Highlights & Insights¶
- Precise Problem Formulation: Attributing catastrophic forgetting to attention drift is well-motivated and supported by compelling visual evidence.
- Biologically Inspired Elegant Solution: Simple gradient masking achieves attention retention in a concise yet effective manner.

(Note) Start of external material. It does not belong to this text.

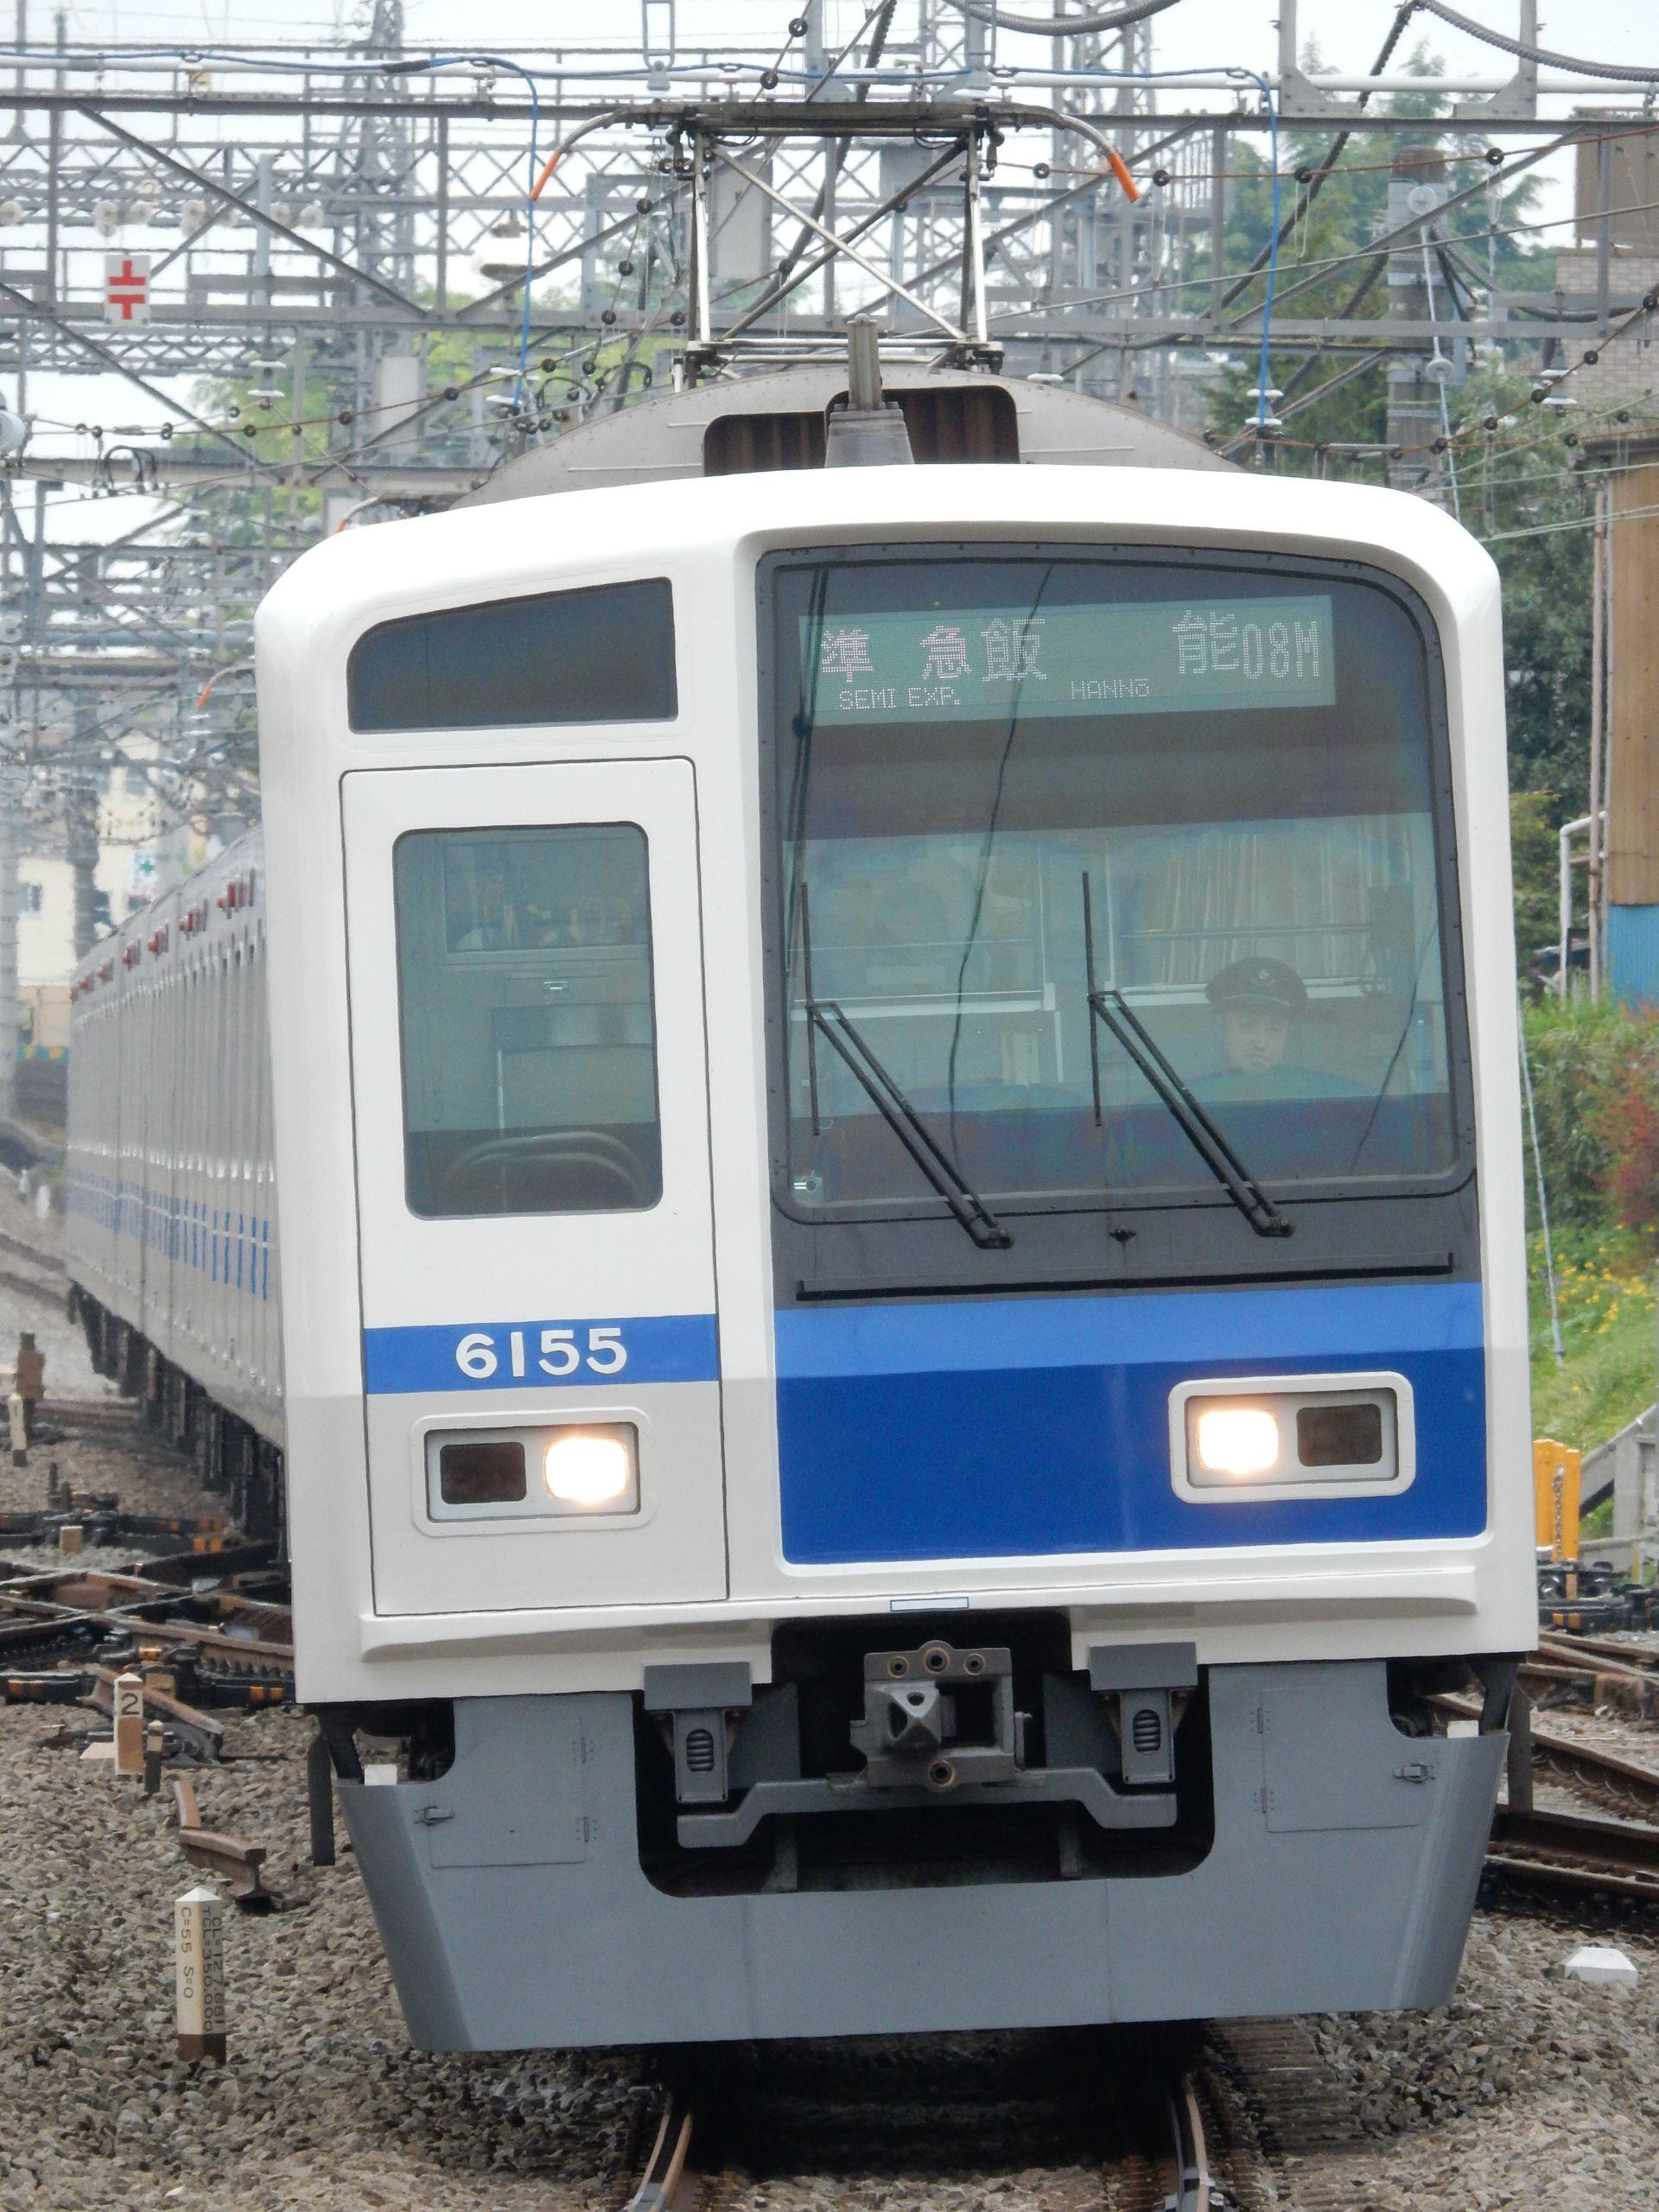 DSCN7942 - コピー

- Adam Compatibility Design: The gradient/update scaling trick is a critical engineering contribution for practical applicability.
Limitations & Future Work¶
- Storing attention masks for previous tasks incurs memory overhead that grows linearly with the number of tasks.
- Binary masks may be overly coarse; soft masks could offer greater flexibility.
- Validation is limited to ViTs; applicability to CNNs remains unexplored.
- Task boundary information is required during training.
Related Work & Insights¶
- vs. EWC: EWC applies regularization in parameter space, whereas ARCL-ViT directly protects the attention space, yielding better effectiveness for ViTs.
- vs. DualPrompt/CODA-Prompt: Expansion methods increase model size; ARCL-ViT introduces no additional parameters.
- vs. PackNet: A conceptually similar idea transferred from CNN pruning to attention protection in ViTs.
Rating¶
- Novelty: ⭐⭐⭐⭐ The attention drift perspective is novel.
- Experimental Thoroughness: ⭐⭐⭐⭐ Multiple datasets, settings, and visualizations.
- Writing Quality: ⭐⭐⭐⭐ Clear and intuitive presentation.
- Value: ⭐⭐⭐⭐ Practical contribution to continual learning with ViTs.
Additional Remarks¶
- The methodology and experimental design offer useful reference for related research areas.
- Future work should validate generalizability and scalability across more diverse scenarios and larger scales.
- Potential research value exists in combining this approach with recent methods (e.g., RL/MCTS or multimodal frameworks).
- Deployment feasibility and computational efficiency should be assessed against practical application requirements.
- The choice of datasets and evaluation metrics may affect the generalizability of conclusions; cross-validation on additional benchmarks is recommended.
Additional Remarks¶
- The methodology and experimental design offer useful reference for related research areas.
- Future work should validate generalizability and scalability across more diverse scenarios and larger scales.
- Potential research value exists in combining this approach with recent related work (e.g., intersections with RL/MCTS or multimodal methods).